The present disclosure relates to nitride semiconductor devices, and more particularly to nitride semiconductor devices which can be used as power devices in power supply circuits etc.
Nitride semiconductors represented by gallium nitride (GaN) are wide gap semiconductors. For example, GaN has a bandgap of 3.4 eV at room temperature. Aluminum nitride (AlN) has a bandgap of 6.2 eV at room temperature. Also, nitride semiconductors have high breakdown field strength and high saturated drift velocity of electrons, as compared to compound semiconductors such as gallium arsenide (GaAs) etc., or silicon (Si) semiconductors, etc. In a heterostructure (AlGaN/GaN heterostructure) of aluminum gallium nitride (AlGaN) and GaN, charges are generated at a heterointerface due to spontaneous polarization and piezoelectric polarization.
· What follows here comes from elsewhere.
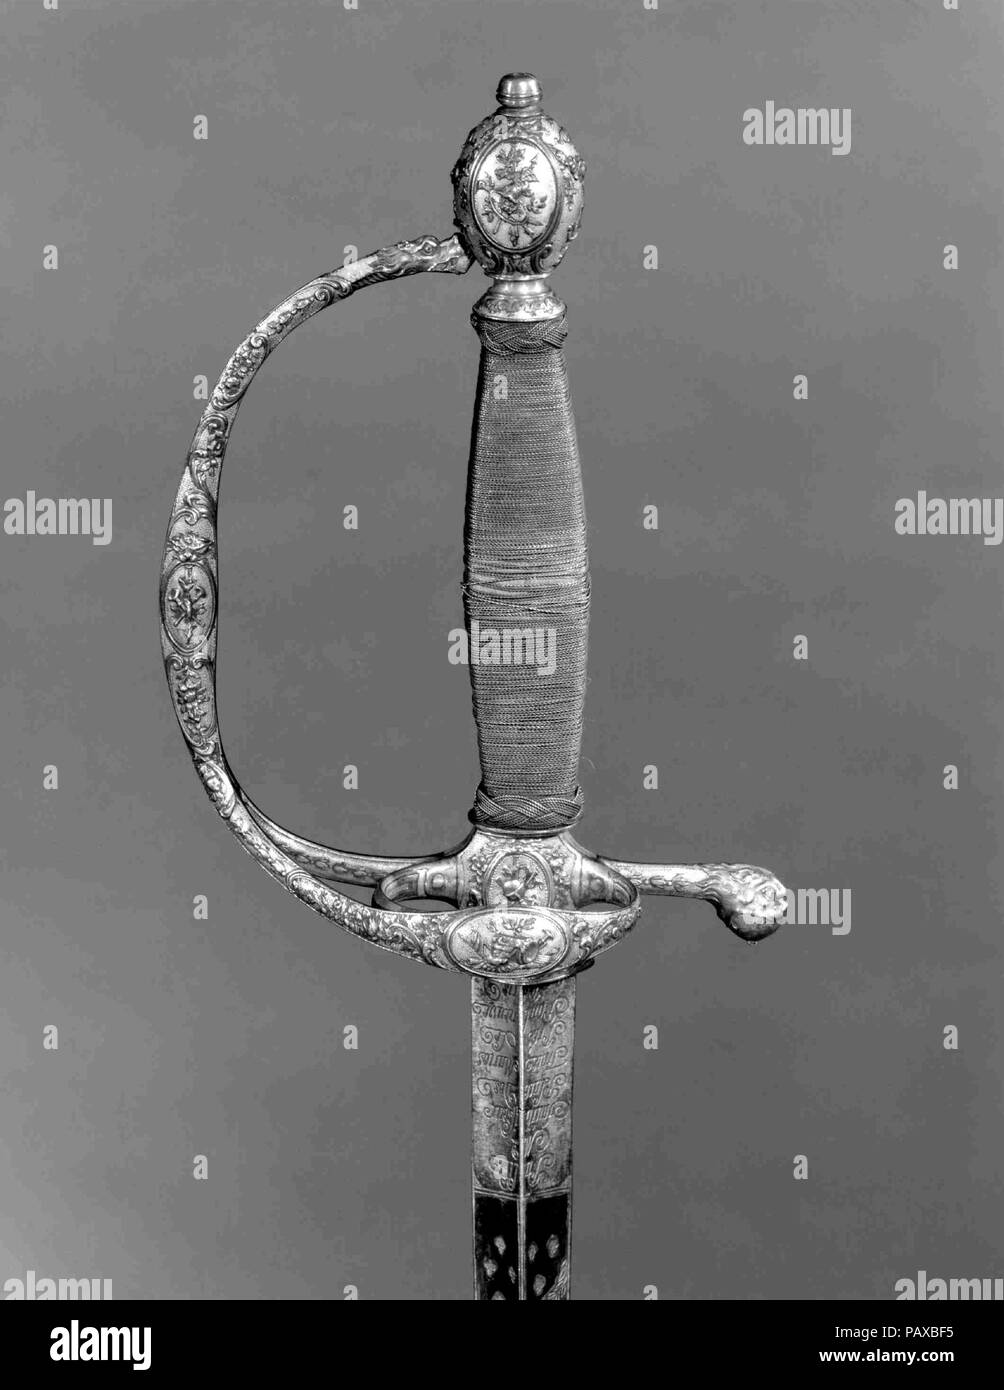 Smallsword with Scabbard. Culture: French, Paris. Dimensions: L. with scabbard 38 3/4 in. (98.4 cm); L. without scabbard 37 13/16 in. (96 cm); L. of blade 31 3/8 in. (79.7 cm); W. 4 5/16 in. (11 cm); D. 1 3/4 in. (4.5 cm); Wt. 12 oz. (340 g); Wt. of scabbard 2 oz. (56.7 g). Date: ca. 1785. Museum: Metropolitan Museum of Art, New York, USA. Stock Photo

A sheet carrier concentration of 1×1013 cm−2 or more is obtained even when AlGaN and GaN are undoped. A diode and a hetero-junction field effect transistor (HFET) having high current density can be provided by utilizing two-dimensional electron gas (2DEG) generated at the heterointerface. Therefore, power devices etc. made of nitride semiconductor which is advantageous in increasing output power and a breakdown voltage are now being actively researched and developed.
A Schottky diode is one type of diode used as a power device. A Schottky diode having an AlGaN/GaN heterostructure operates with a large current and low resistance, since two-dimensional electron gas generated at the interface between an undoped AlGaN layer and an undoped GaN layer is used as a channel. In general, a Schottky diode has excellent switching characteristics and a low forward threshold voltage as advantages. A disadvantage is, however, that a reverse leakage current is large.
In order to reduce a reverse leakage current of a Schottky diode, a method, in which two types of metal are used for an anode electrode, and the metal with a higher Schottky barrier is formed to cover the metal with a lower Schottky barrier, is suggested. (See, for example, Japanese Patent Publication No. 2005-317843). When a forward-direction voltage is applied to the diode, a current flows to the metal with the lower Schottky barrier, and a low threshold voltage can be thus maintained. On the other hand, when a reverse-direction voltage is applied to turn the diode off, the metal with the higher Schottky barrier reduces the reverse leakage current.
A passivation film is usually formed on a surface of a device as a surface protection film. The formation of the passivation film provides the advantages of reducing formation of a surface state and reducing the phenomenon called “current collapse” of reduction in a forward current. Since it has also the function of protecting the device from impurities, the passivation film needs to be formed in view of improving reliability of the device.